Monday, August 13, 2012

In With the Old?

Image courtesy of the
Wesleyan Writers Blog
Hidden Treasures
If you like the smell and feel of old books -- absent a whiff of nasty -- here's a short list of memorable library oldies, all great reads, on which we'd like to shine a little not-UV light.  We'll follow with a video on why old books have a distinctive smell and with contemporary pointers on dabbing your e-reader behind the ears for an old-new-new-old olfactory experience.
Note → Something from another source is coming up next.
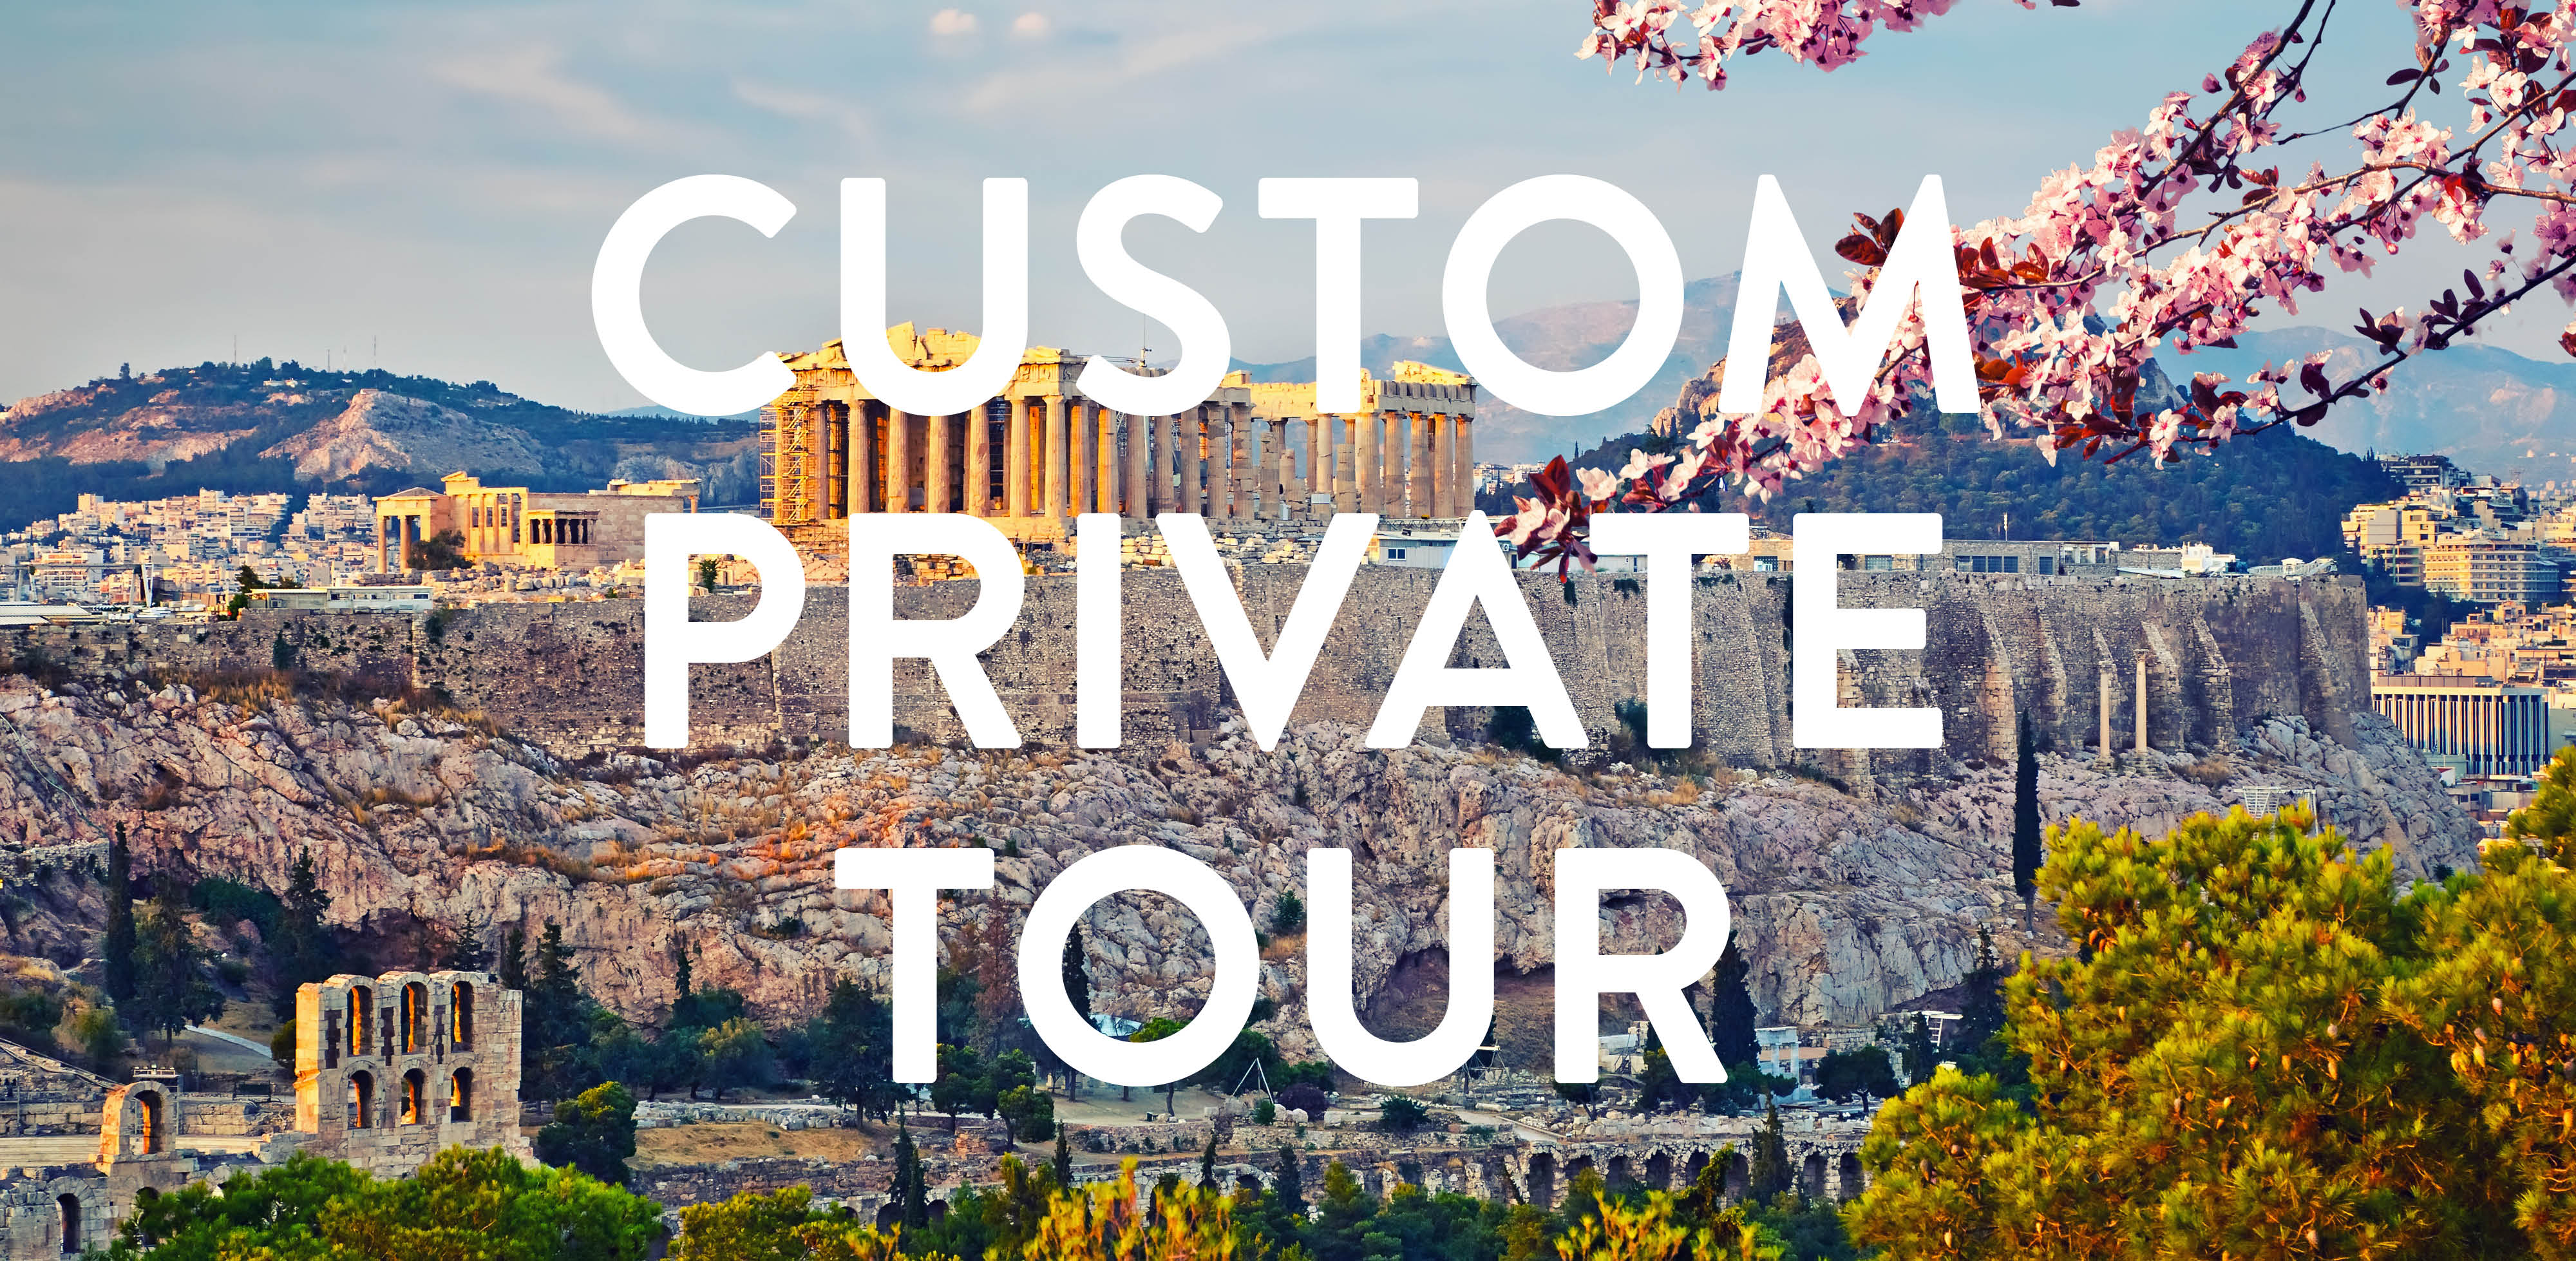 Create Your Own Tour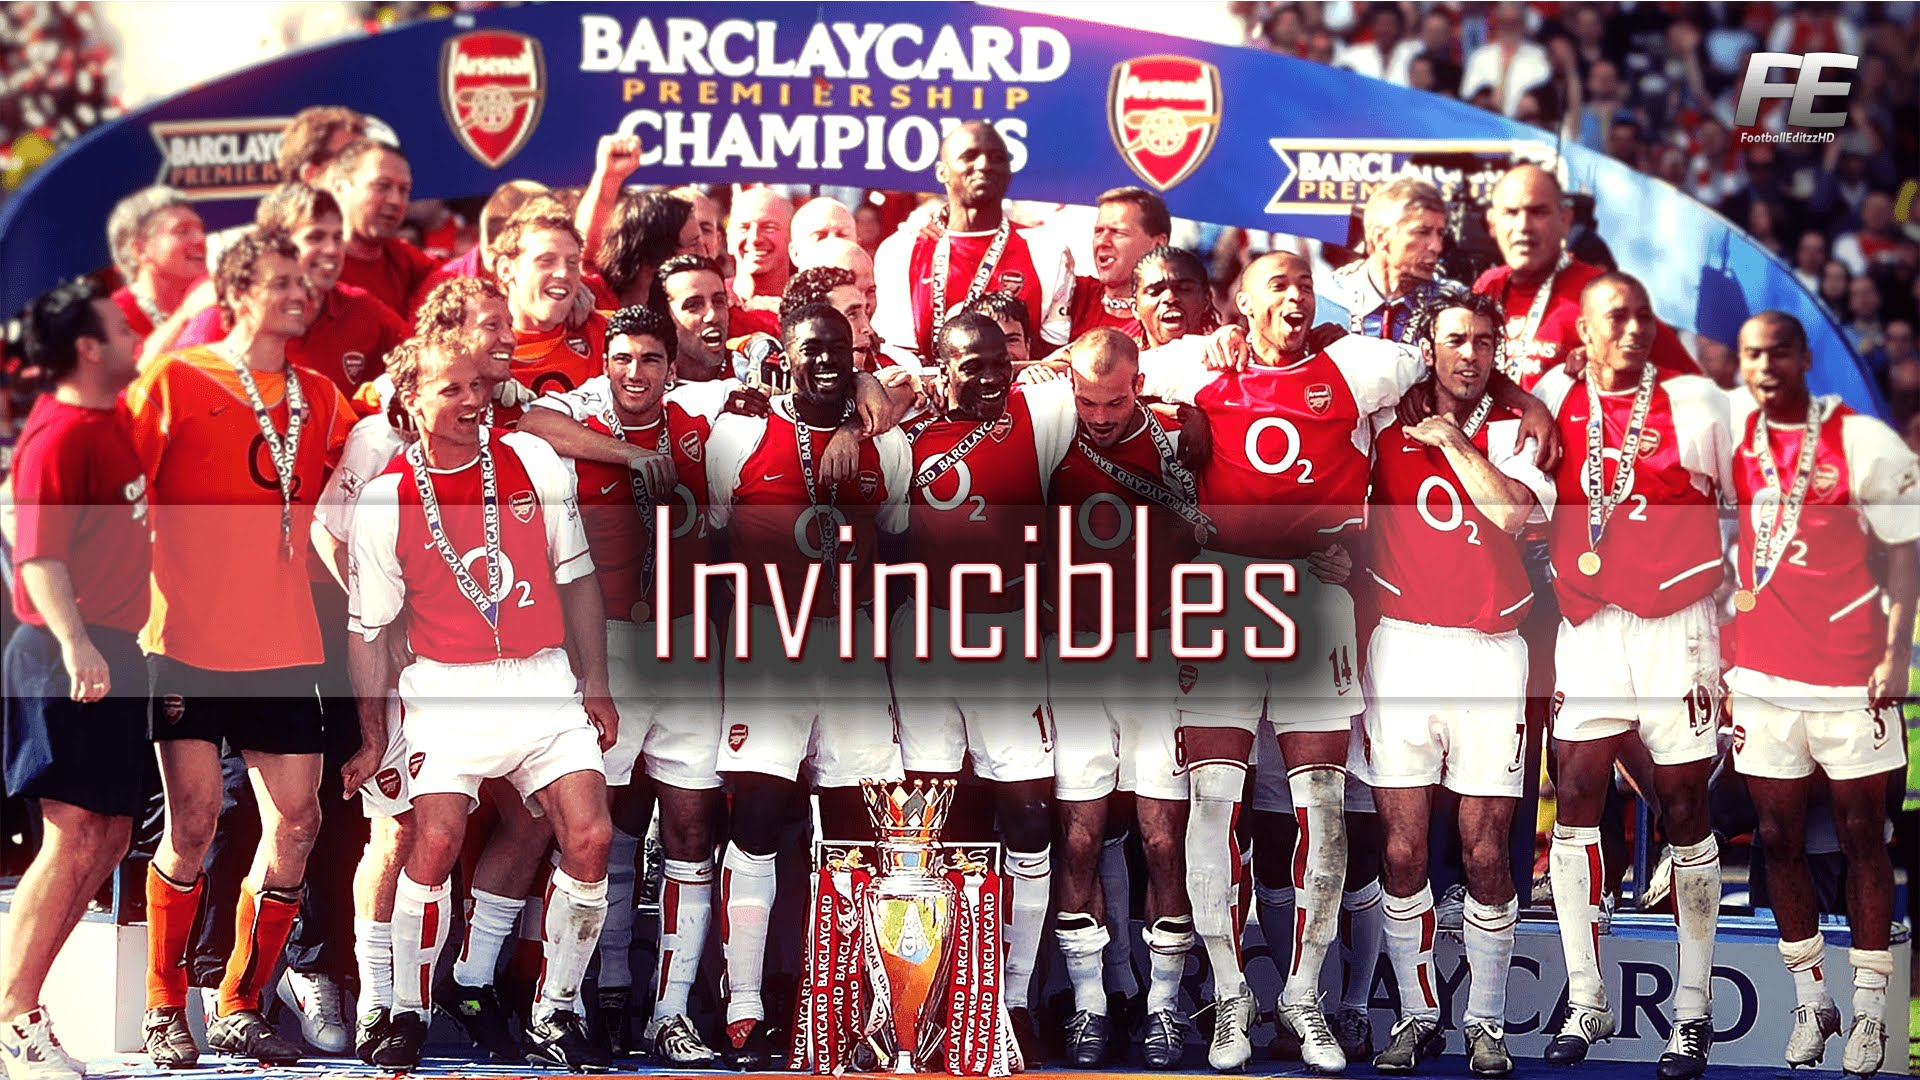 Arsenal's Invincible Record is more successful than current Manchester City Centurions

Kon-Tiki : Across the Pacific by Raft by Thor Heyerdahl
Aku-Aku : The Story of Easter Island by Thor Heyerdahl
Nook Farm : Mark Twain's Hartford Circle by Kenneth R. Andrews
Connecticut Beautiful by Wallace Nutting
The Poetry of Robert Frost by Robert Frost; edited by Edward Connery Lathem
Wind, Sand and Stars by Antoine de Saint Exupery
Letters from the Field, 1925-1975 by Margaret Mead
The Right Stuff by Tom Wolfe
Great Adventures and Explorations from the Earliest Times to the Present, Vilhjalmur Stefansson, ed.
Another Country by James Baldwin
The Martian Chronicles by Ray Bradbury

Why Do Old Books Smell?
From AbeBooks, an online seller of new, used, old and out-of-print titles.


Smells Like Book Spirit?
Yes indeed there is a scent called In the Library which offers "a scent of old books; Russian & Moroccan leather bindings, worn cloth and a hint of wood polish." Listen to the story of the scent, courtesy of NPR.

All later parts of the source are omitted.